__DATA FOR THIS TASK__:
↓↓↓

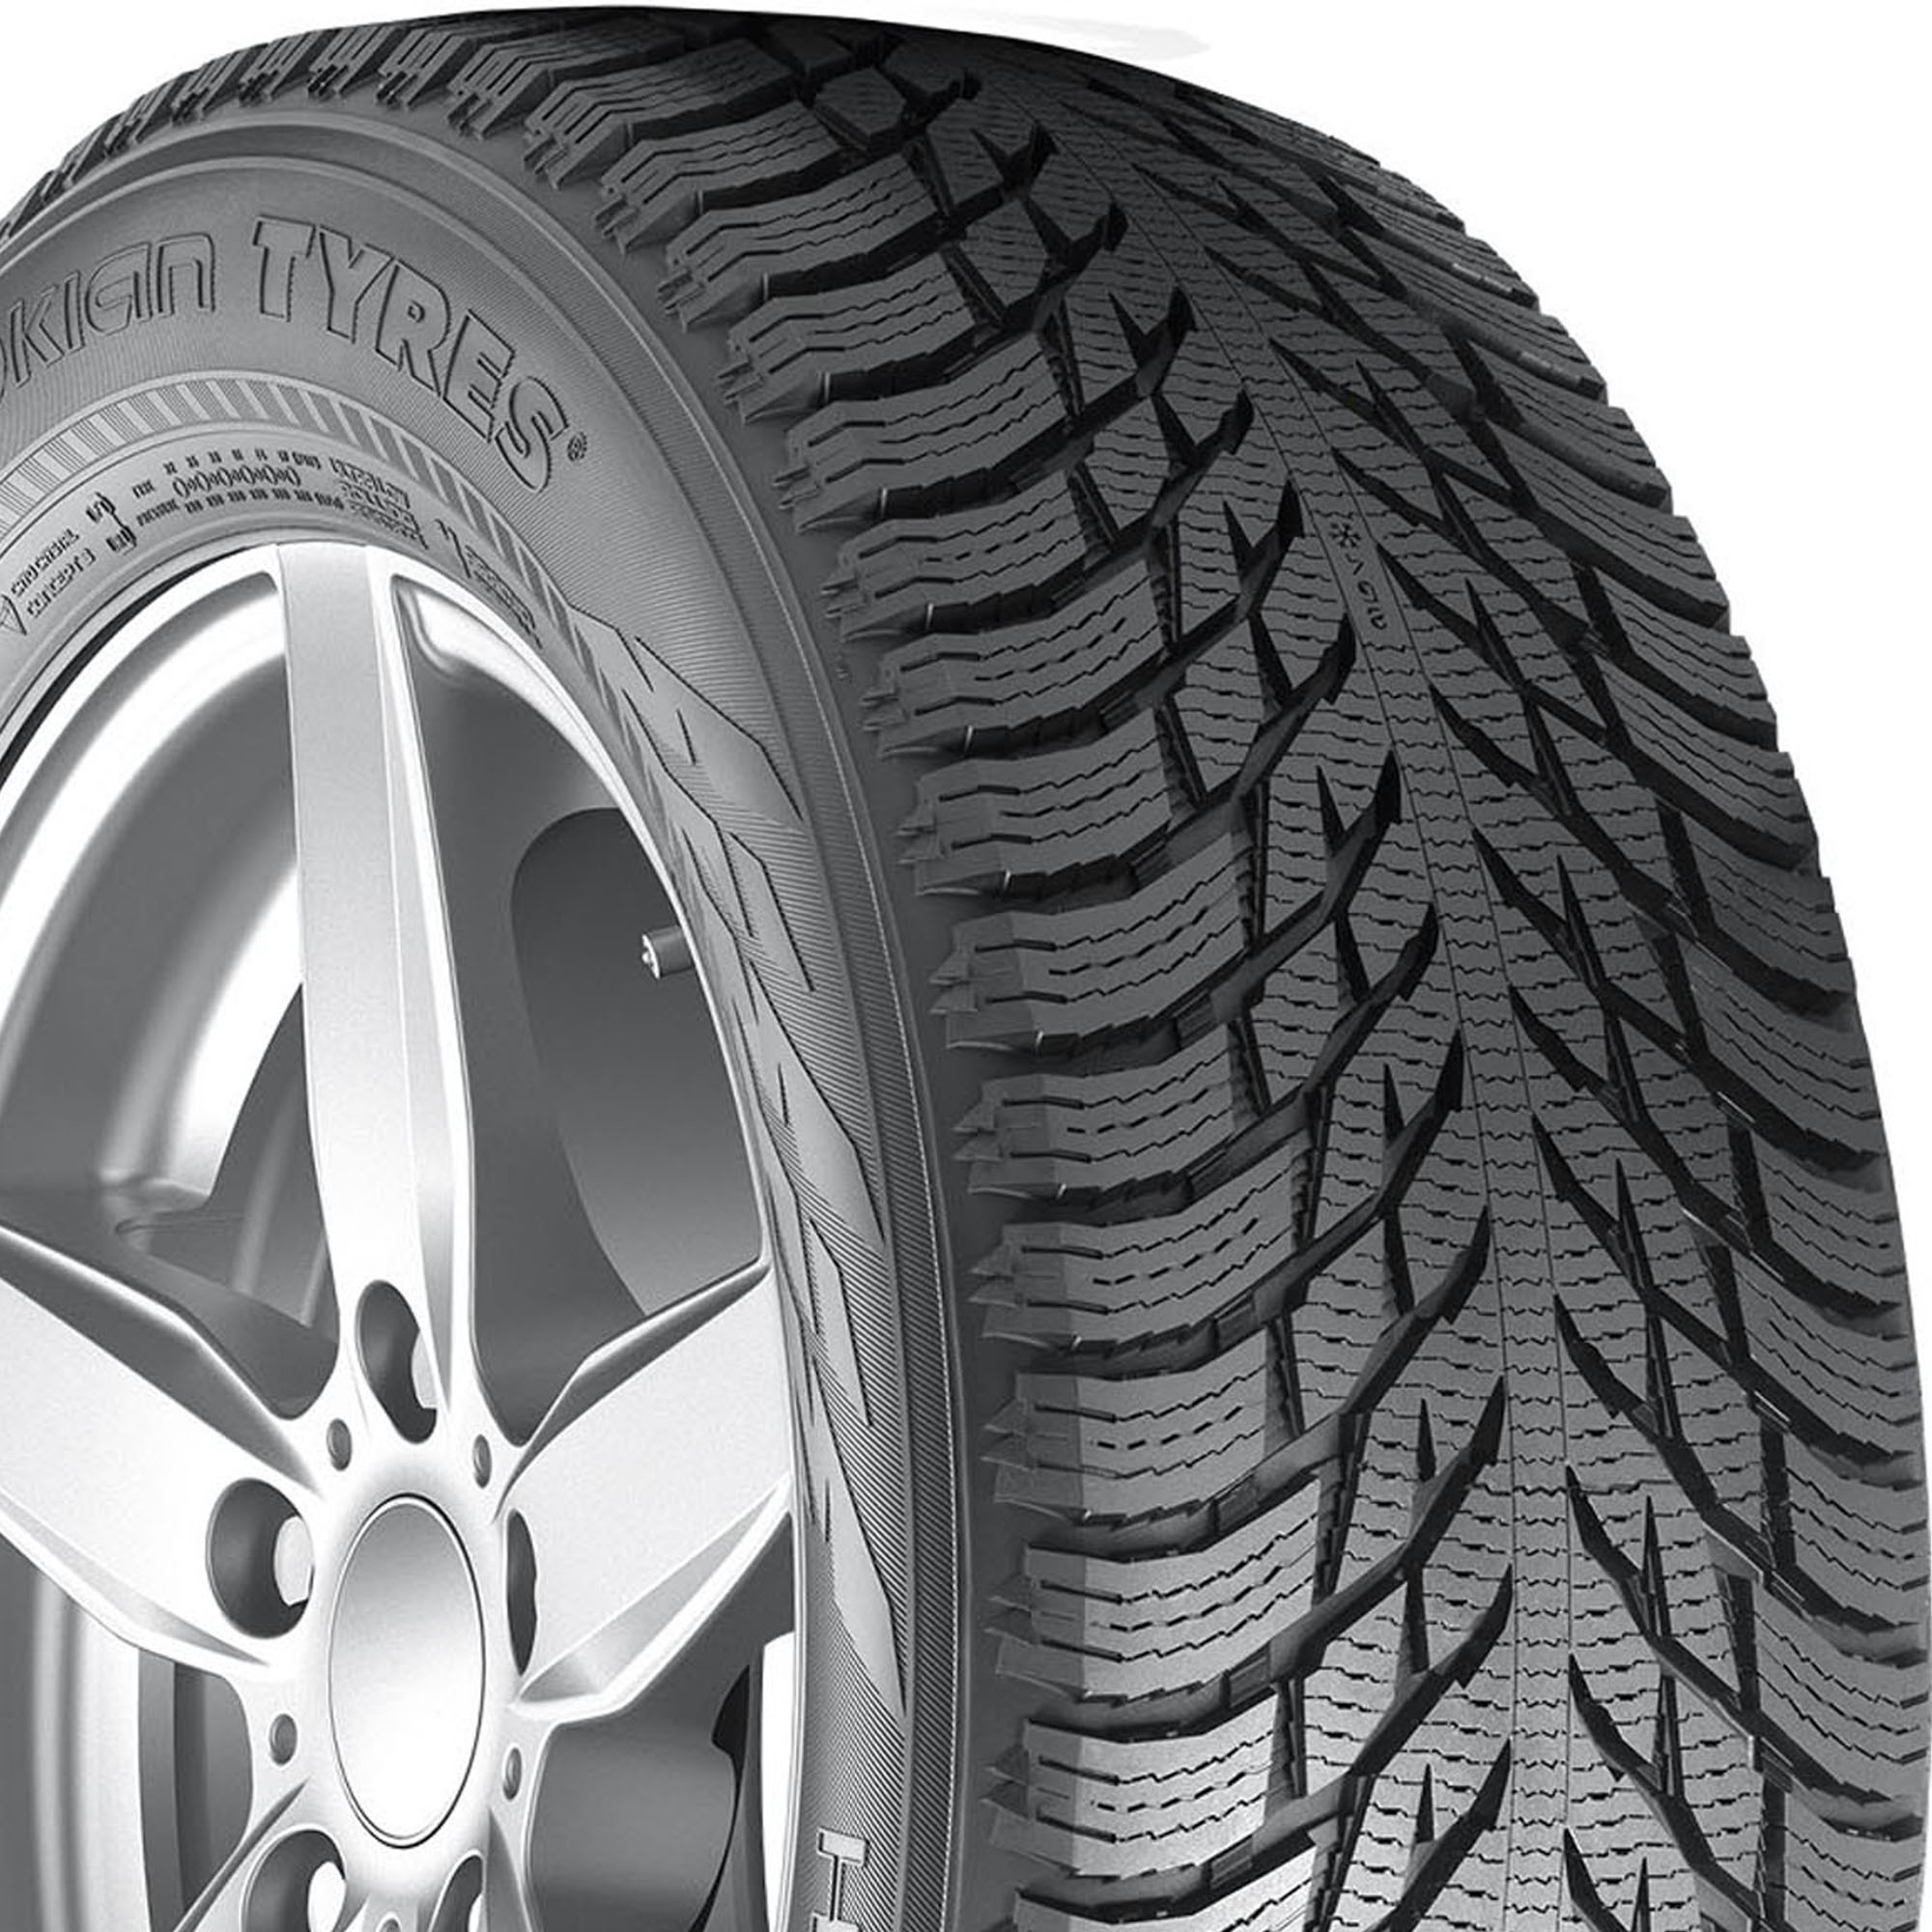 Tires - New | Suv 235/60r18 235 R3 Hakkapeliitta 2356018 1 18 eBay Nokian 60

↑↑↑
↓↓↓

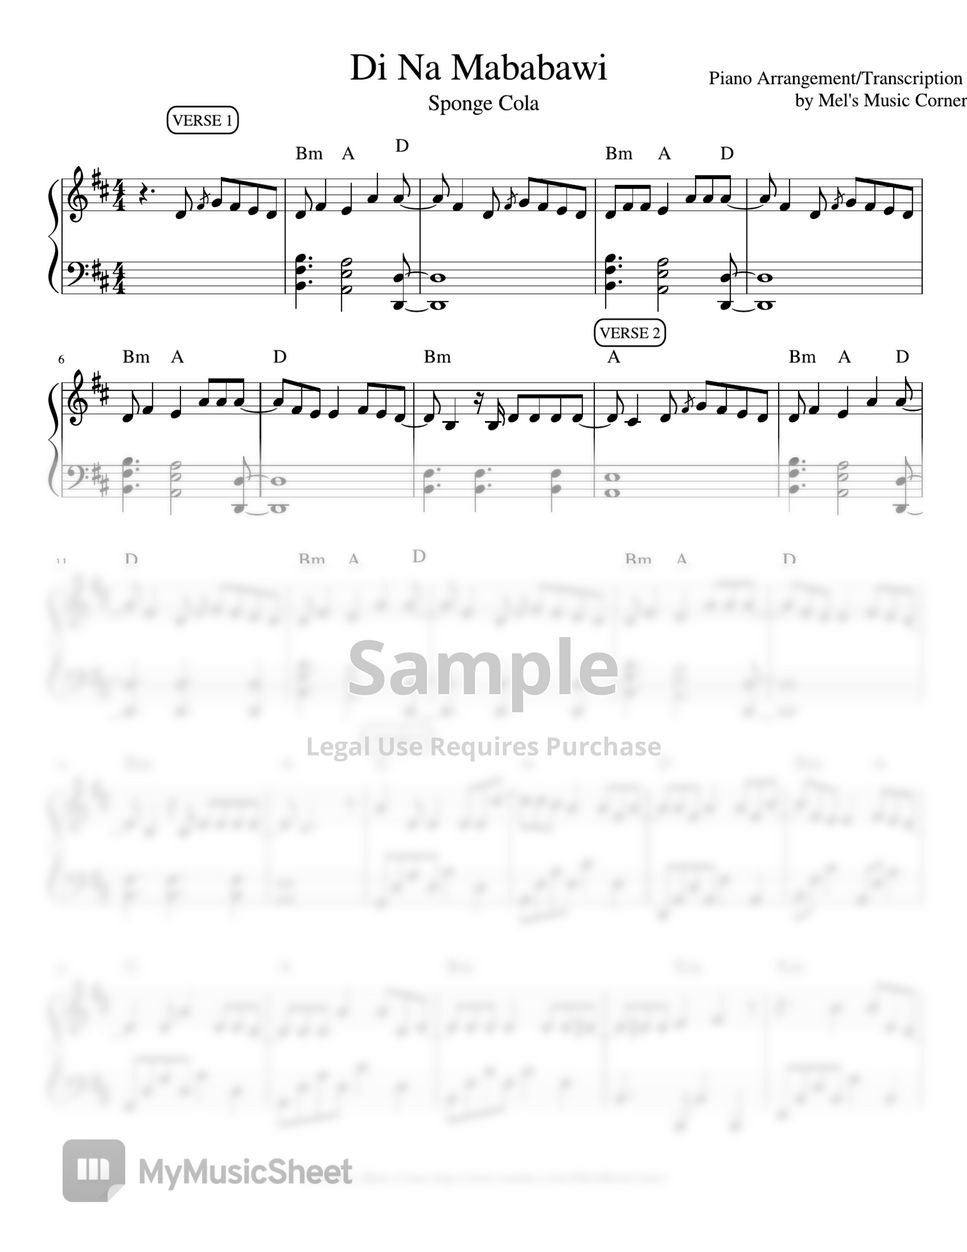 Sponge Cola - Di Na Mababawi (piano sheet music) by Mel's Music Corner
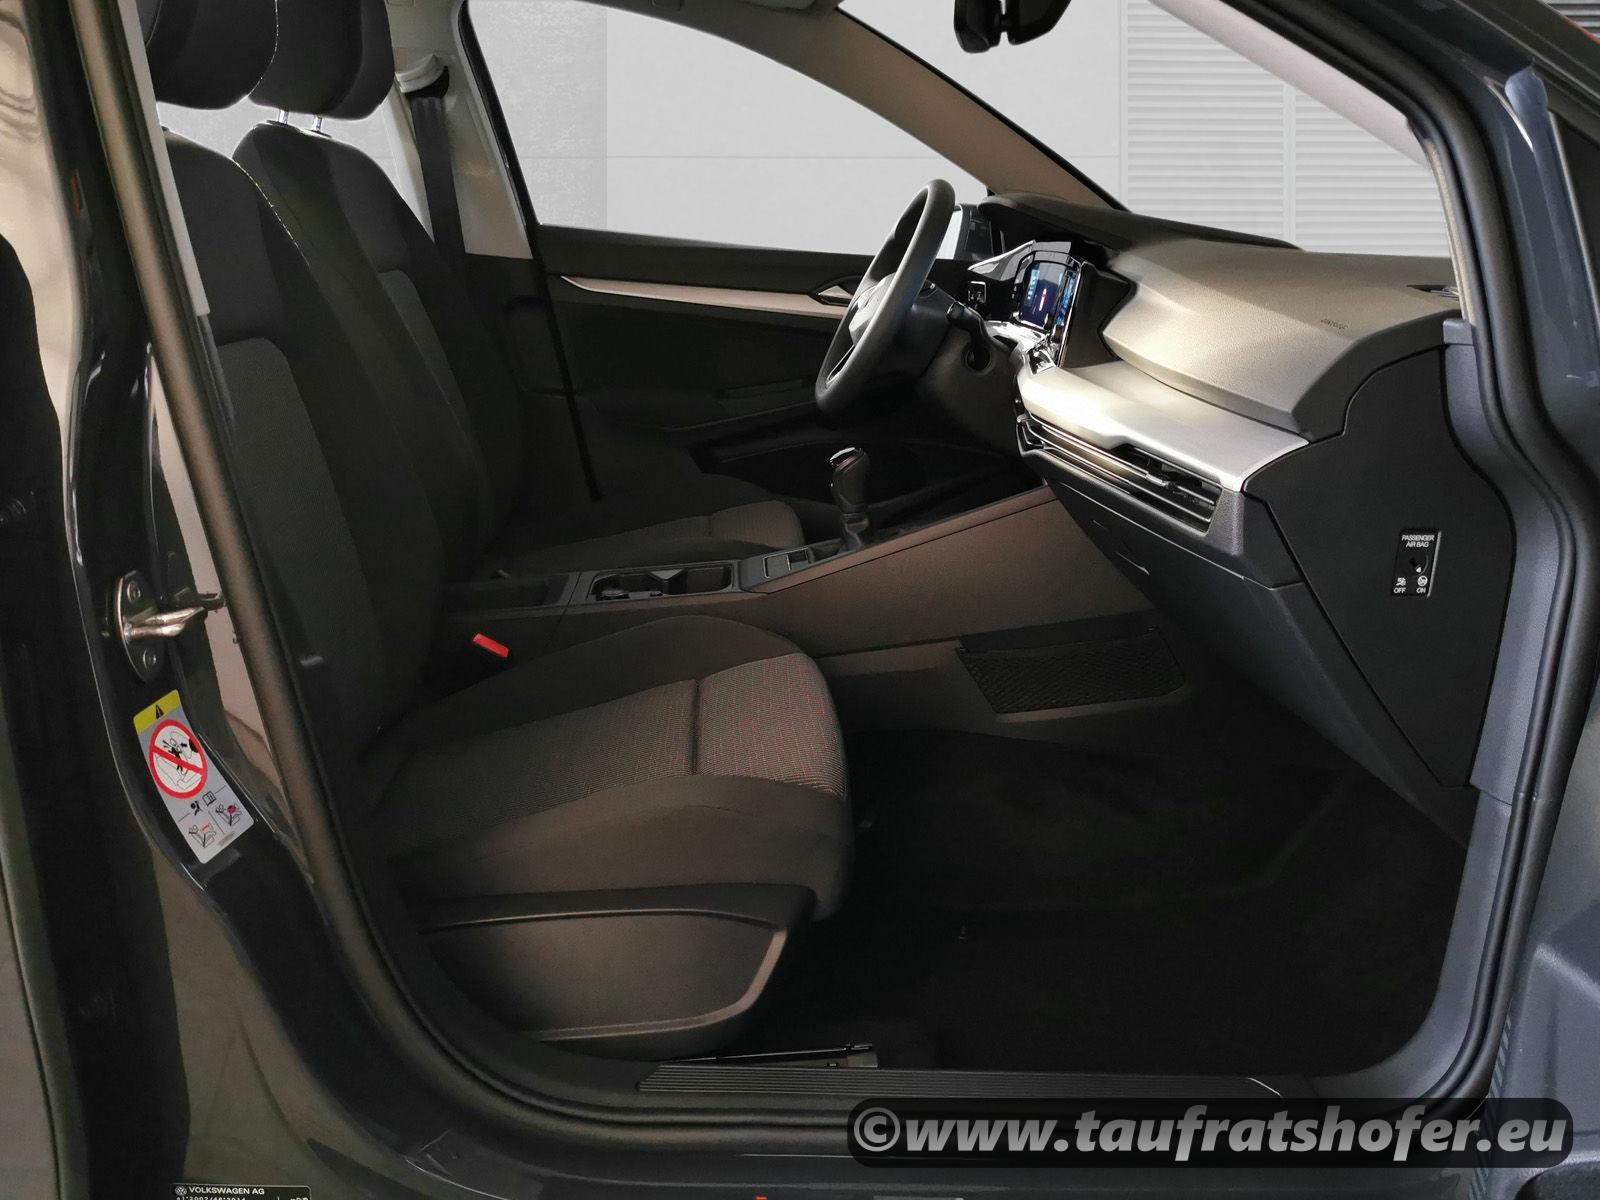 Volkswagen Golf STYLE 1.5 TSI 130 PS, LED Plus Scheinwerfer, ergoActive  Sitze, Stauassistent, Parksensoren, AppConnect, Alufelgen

↑↑↑

__YOUR GOAL__: Using the records above, return verbatim only the part that opens with the line containing "Sponge Cola - Di" and closes with the line containing "Volkswagen Golf STYLE"; pictures stay out.

__RESULT FOR THIS EXERCISE__:
 Sponge Cola - Di Na Mababawi (piano sheet music) by Mel's Music Corner
 Volkswagen Golf STYLE 1.5 TSI 130 PS, LED Plus Scheinwerfer, ergoActive  Sitze, Stauassistent, Parksensoren, AppConnect, Alufelgen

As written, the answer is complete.